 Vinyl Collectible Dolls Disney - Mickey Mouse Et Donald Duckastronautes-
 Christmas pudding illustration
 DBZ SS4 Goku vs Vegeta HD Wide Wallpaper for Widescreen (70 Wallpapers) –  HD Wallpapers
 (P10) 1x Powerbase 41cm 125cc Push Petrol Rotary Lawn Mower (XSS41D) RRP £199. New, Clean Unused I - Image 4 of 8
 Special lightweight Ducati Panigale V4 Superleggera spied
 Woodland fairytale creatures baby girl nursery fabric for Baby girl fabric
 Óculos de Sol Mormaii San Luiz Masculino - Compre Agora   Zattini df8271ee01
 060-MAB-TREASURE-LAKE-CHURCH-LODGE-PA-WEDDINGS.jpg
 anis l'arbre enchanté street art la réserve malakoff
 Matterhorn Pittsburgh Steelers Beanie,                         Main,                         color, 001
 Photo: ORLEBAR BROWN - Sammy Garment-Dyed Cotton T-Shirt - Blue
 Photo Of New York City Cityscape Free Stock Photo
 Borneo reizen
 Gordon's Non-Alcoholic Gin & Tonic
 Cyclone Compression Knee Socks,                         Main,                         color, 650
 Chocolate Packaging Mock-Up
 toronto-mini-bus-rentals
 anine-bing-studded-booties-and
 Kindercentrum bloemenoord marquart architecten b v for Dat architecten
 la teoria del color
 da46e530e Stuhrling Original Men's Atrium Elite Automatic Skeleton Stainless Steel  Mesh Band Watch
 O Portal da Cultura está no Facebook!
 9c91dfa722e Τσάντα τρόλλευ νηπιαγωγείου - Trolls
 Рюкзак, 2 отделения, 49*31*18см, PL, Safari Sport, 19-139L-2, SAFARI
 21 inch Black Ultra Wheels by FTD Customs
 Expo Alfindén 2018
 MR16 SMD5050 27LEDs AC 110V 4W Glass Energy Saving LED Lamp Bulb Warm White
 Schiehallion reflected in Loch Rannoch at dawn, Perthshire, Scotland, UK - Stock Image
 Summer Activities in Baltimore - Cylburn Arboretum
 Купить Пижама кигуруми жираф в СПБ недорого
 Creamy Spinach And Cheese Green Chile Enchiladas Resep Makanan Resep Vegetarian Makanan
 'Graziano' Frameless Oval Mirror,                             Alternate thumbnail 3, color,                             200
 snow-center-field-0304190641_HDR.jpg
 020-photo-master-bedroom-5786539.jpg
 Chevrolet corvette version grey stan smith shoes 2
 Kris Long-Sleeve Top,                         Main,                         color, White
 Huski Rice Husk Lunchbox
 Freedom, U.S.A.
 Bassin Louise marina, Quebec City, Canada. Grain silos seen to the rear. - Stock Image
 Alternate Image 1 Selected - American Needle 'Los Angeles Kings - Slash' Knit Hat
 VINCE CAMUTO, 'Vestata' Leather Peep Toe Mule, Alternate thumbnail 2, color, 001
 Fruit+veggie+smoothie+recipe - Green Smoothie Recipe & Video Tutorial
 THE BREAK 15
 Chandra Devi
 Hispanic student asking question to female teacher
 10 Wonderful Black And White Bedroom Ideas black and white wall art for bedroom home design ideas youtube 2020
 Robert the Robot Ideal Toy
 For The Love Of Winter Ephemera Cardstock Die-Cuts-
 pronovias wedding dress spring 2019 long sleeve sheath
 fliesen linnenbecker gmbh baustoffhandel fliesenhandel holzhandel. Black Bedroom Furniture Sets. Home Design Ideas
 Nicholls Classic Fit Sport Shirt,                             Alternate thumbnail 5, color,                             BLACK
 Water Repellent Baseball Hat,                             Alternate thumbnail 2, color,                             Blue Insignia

──────────────────────────────

• [What is expected]: The line with "fliesen linnenbecker gmbh" marks where to start. Transcribe from there through the final line of the records, exactly and with nothing added.

• [Your solution]:
 fliesen linnenbecker gmbh baustoffhandel fliesenhandel holzhandel. Black Bedroom Furniture Sets. Home Design Ideas
 Nicholls Classic Fit Sport Shirt,                             Alternate thumbnail 5, color,                             BLACK
 Water Repellent Baseball Hat,                             Alternate thumbnail 2, color,                             Blue Insignia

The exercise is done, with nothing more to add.